◆ **TASK TO CARRY OUT**
With all images left out, restate the records below exactly as written.

◆ **MATERIALS PROVIDED**

--*--

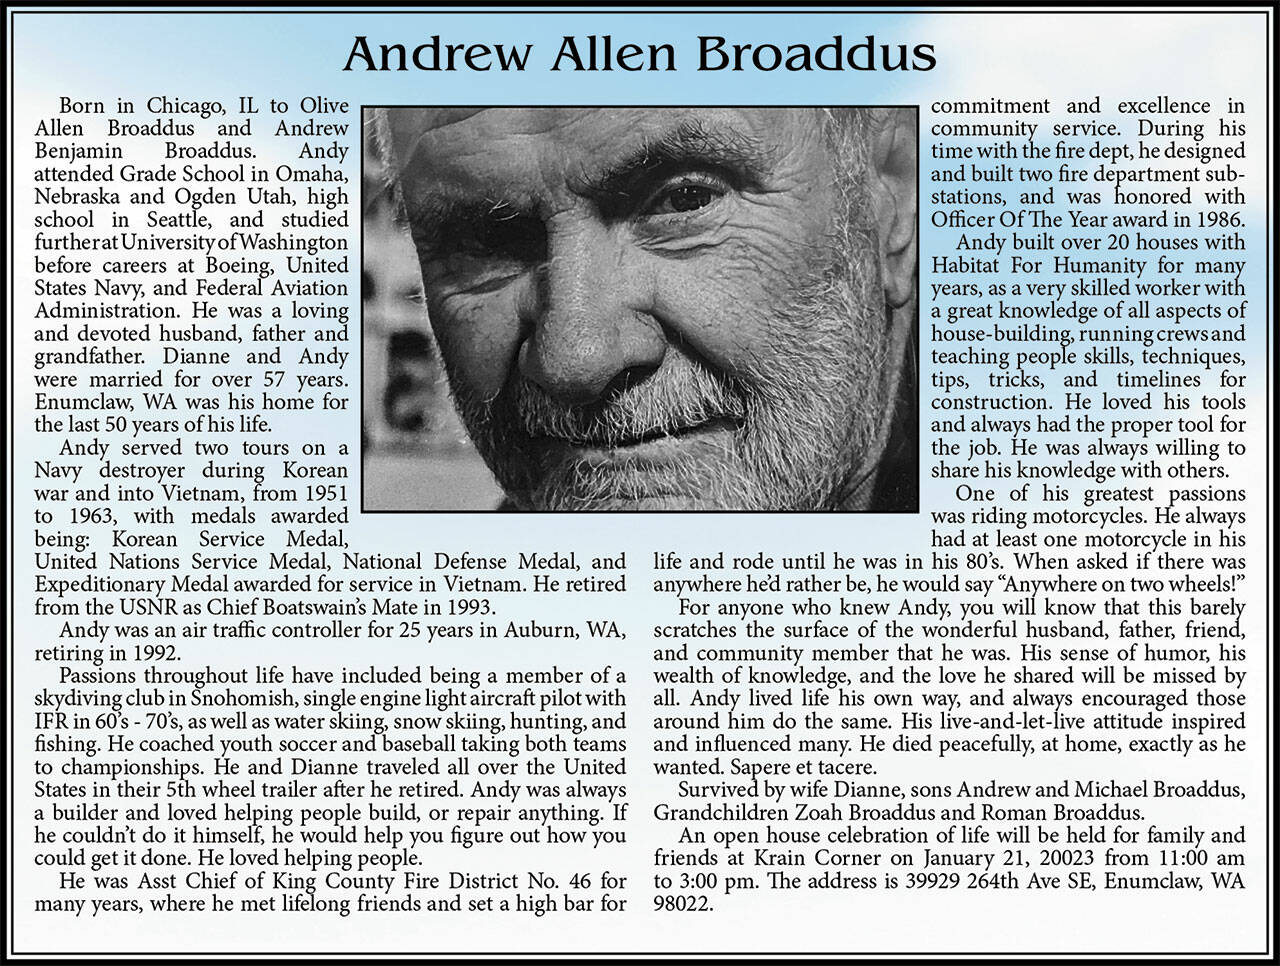 Andrew Broaddus
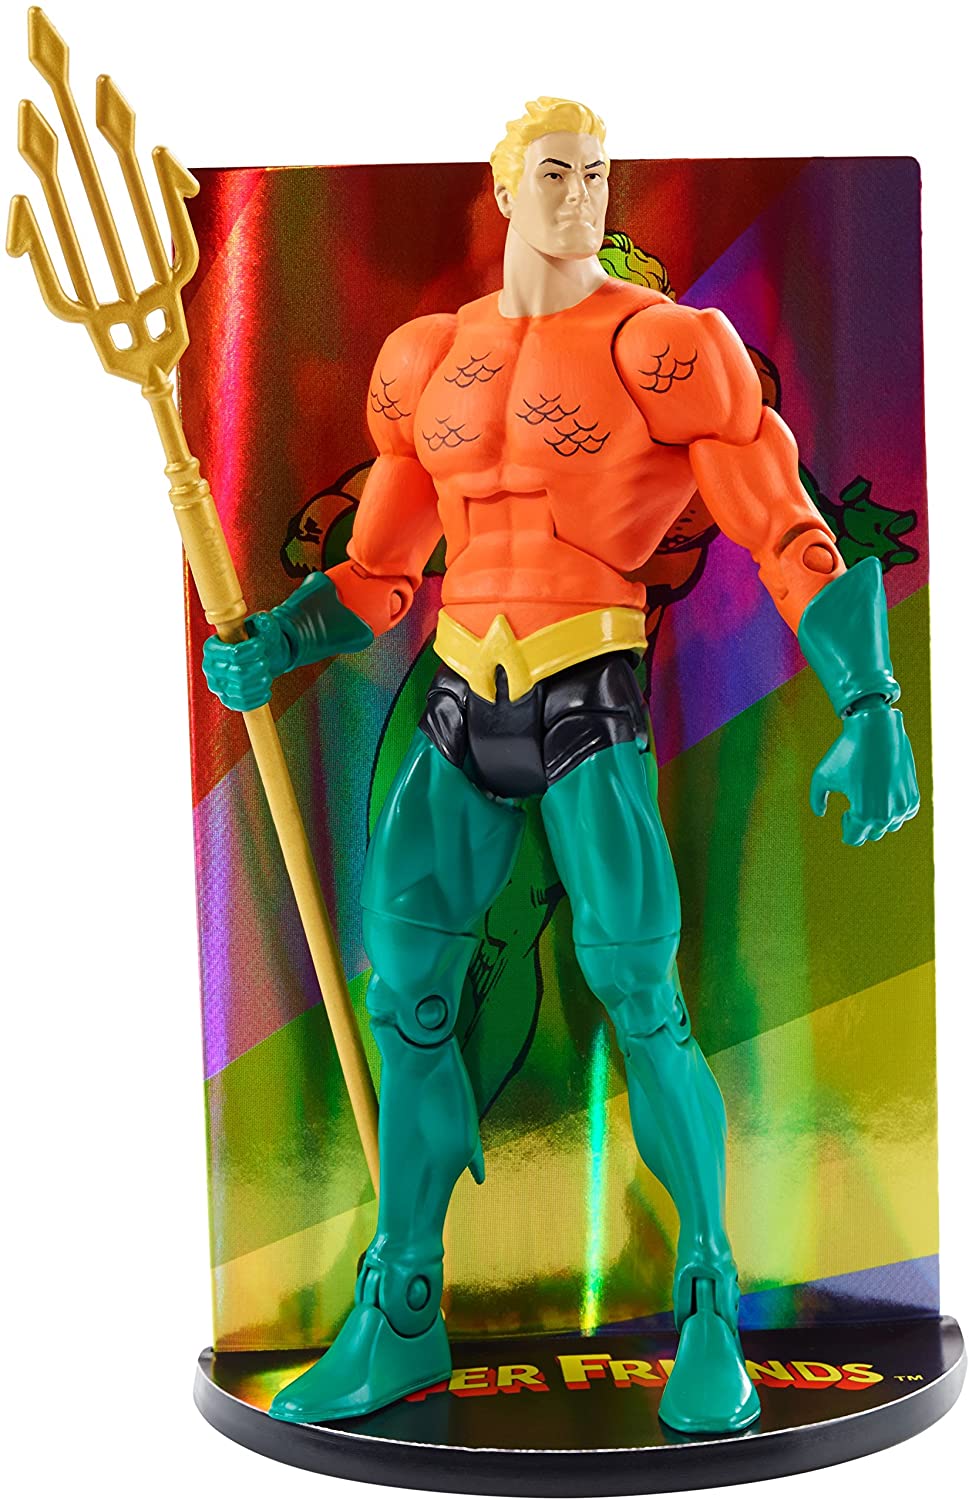 Aquaman Super Friends DC Multiverse Figure
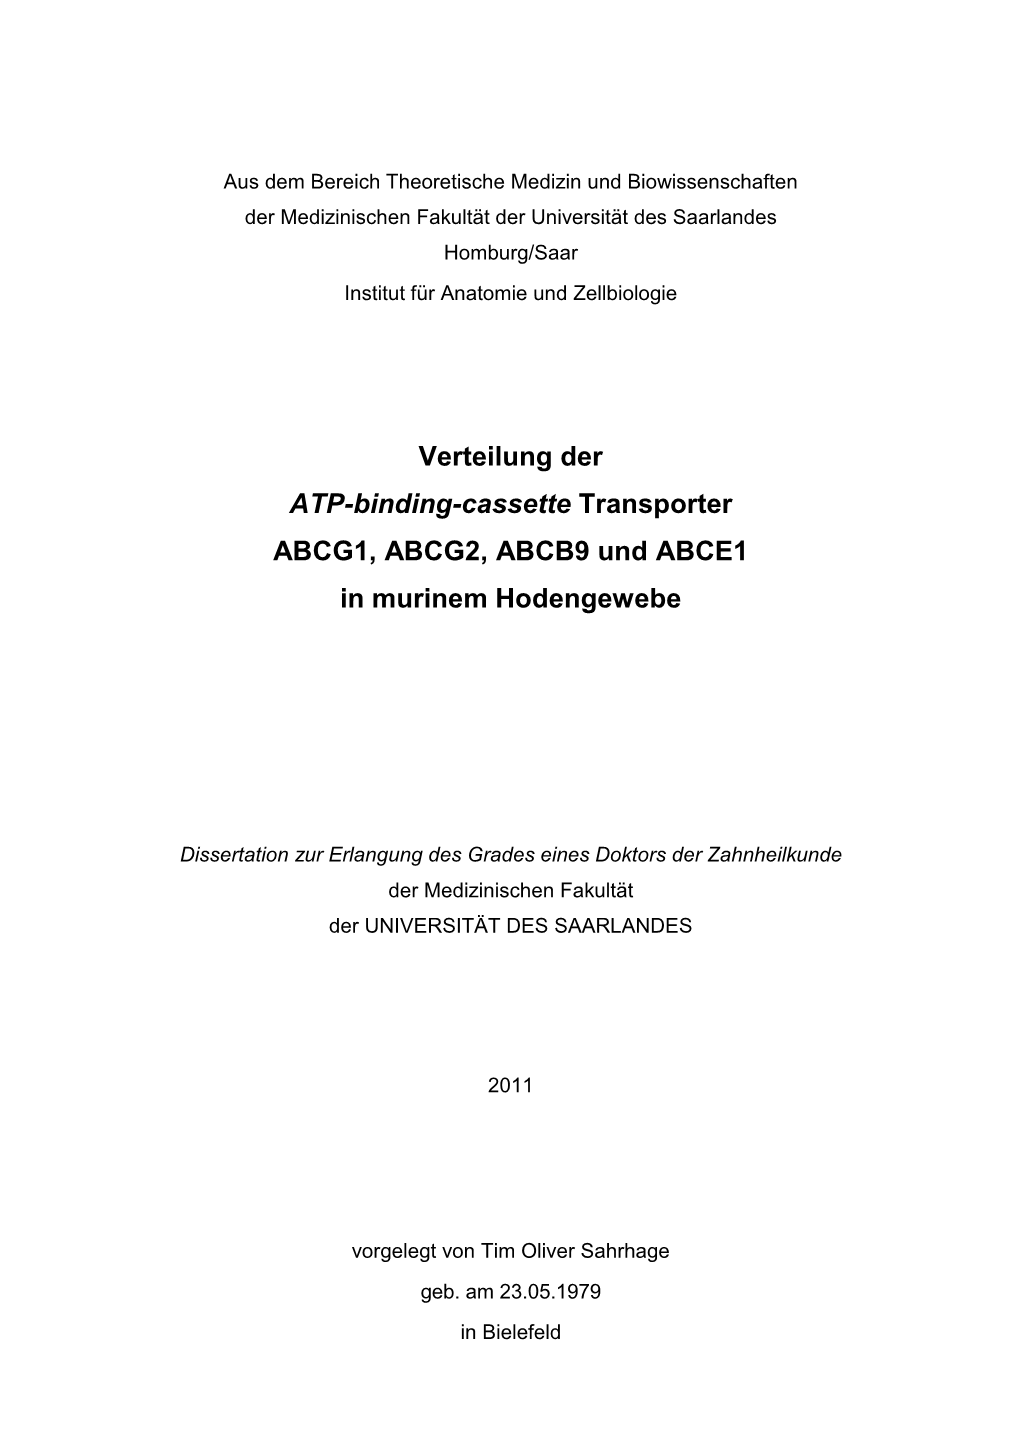 Verteilung Der ATP-Binding-Cassette Transporter ABCG1, ABCG2, ABCB9 Und ABCE1 in Murinem Hodengewebe
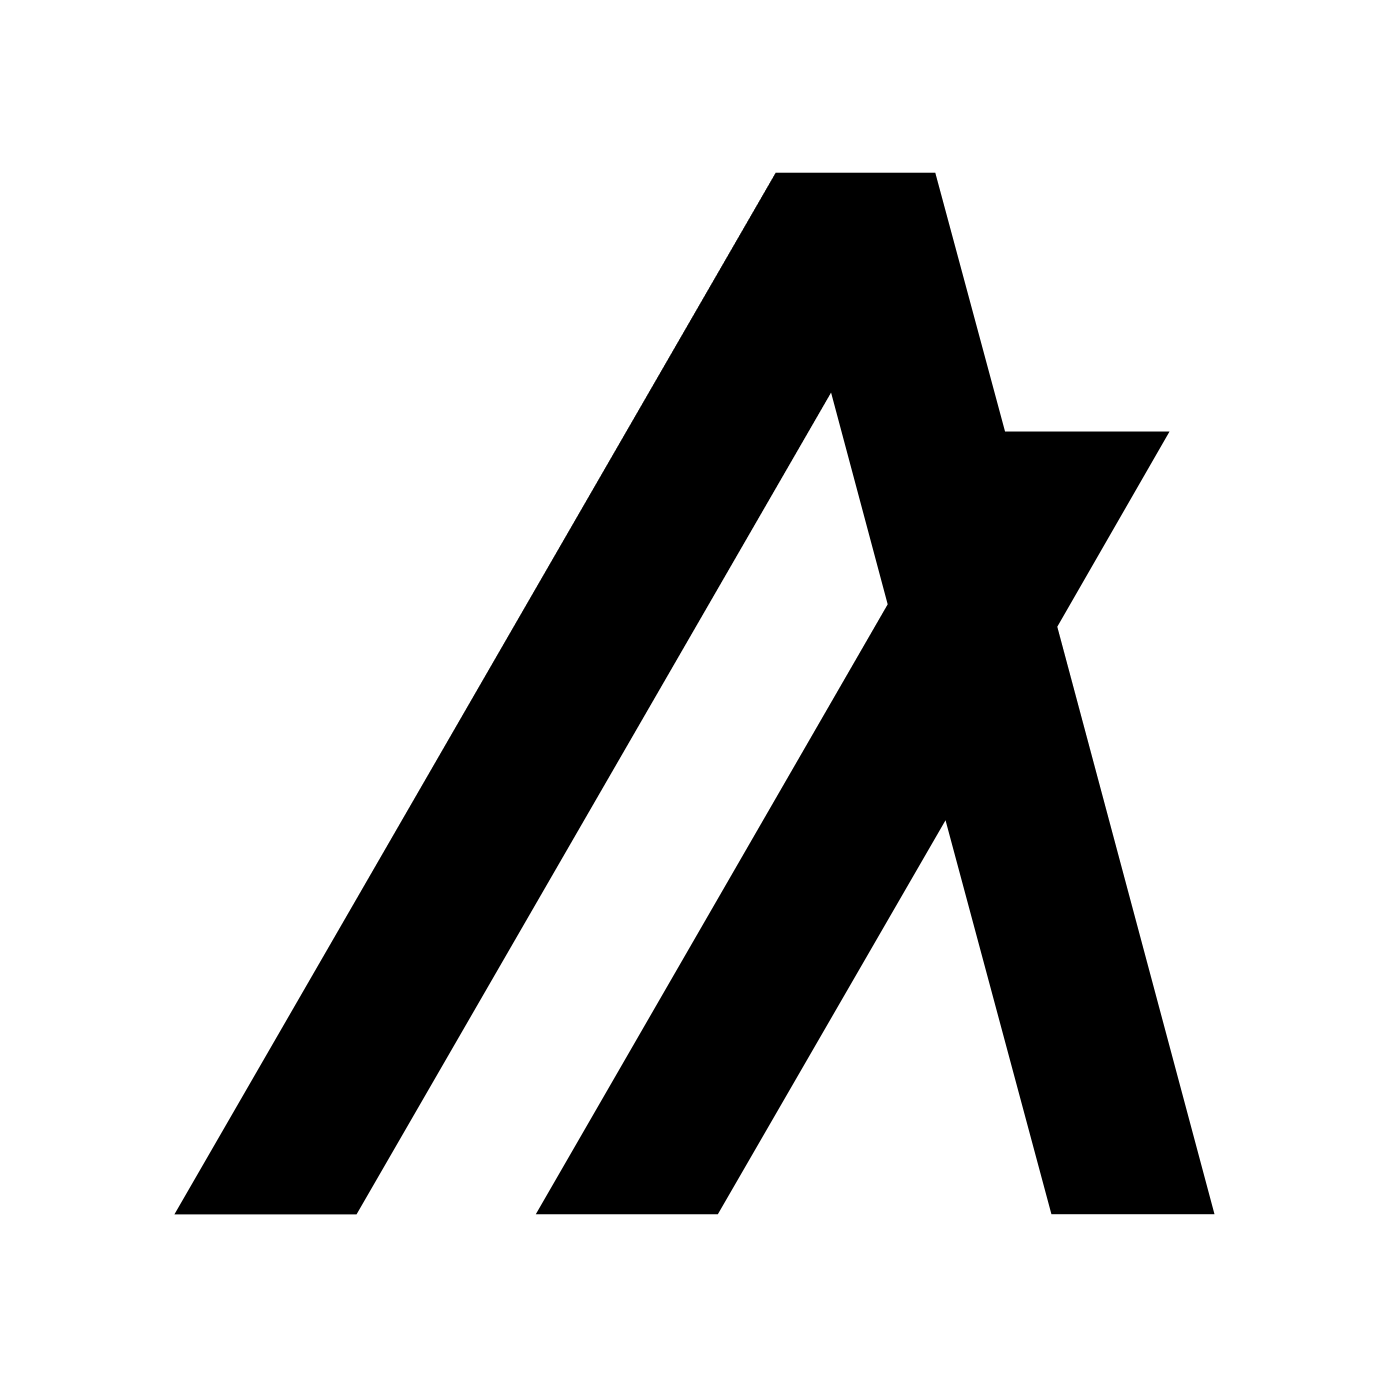 Shows a black Algorand logo light mode and white in dark mode.
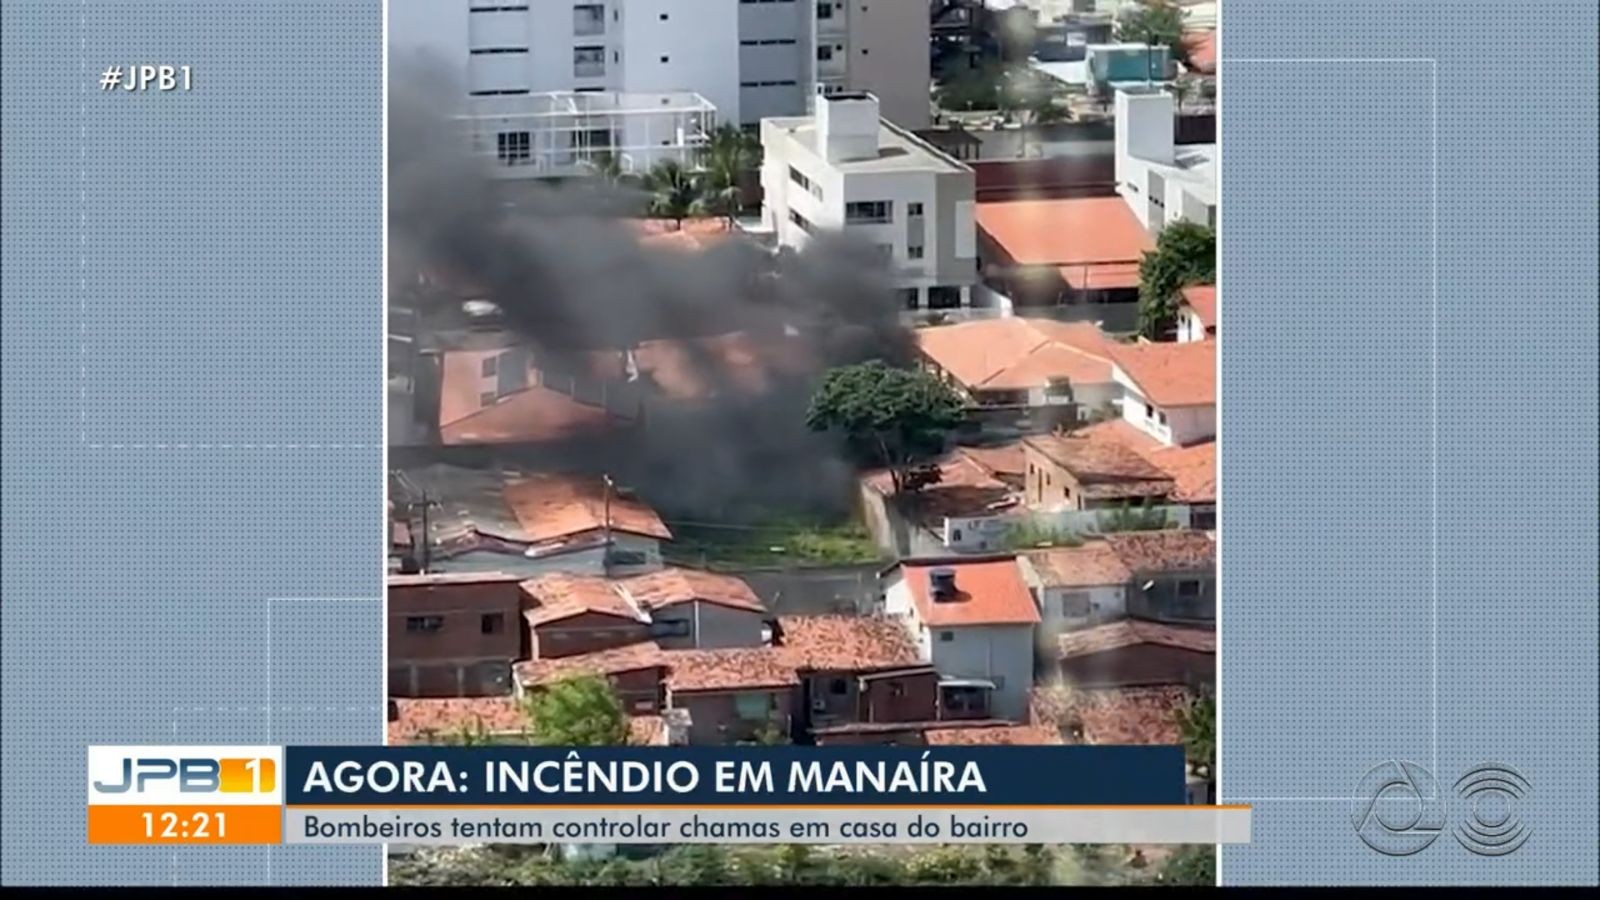 Casa usada como depósito de materiais eletrônicos é atingida por incêndio em João Pessoa

--*--

◆ **ANSWER SPACE**
 Andrew Broaddus
 Aquaman Super Friends DC Multiverse Figure
 Verteilung Der ATP-Binding-Cassette Transporter ABCG1, ABCG2, ABCB9 Und ABCE1 in Murinem Hodengewebe
 Shows a black Algorand logo light mode and white in dark mode.
 Casa usada como depósito de materiais eletrônicos é atingida por incêndio em João Pessoa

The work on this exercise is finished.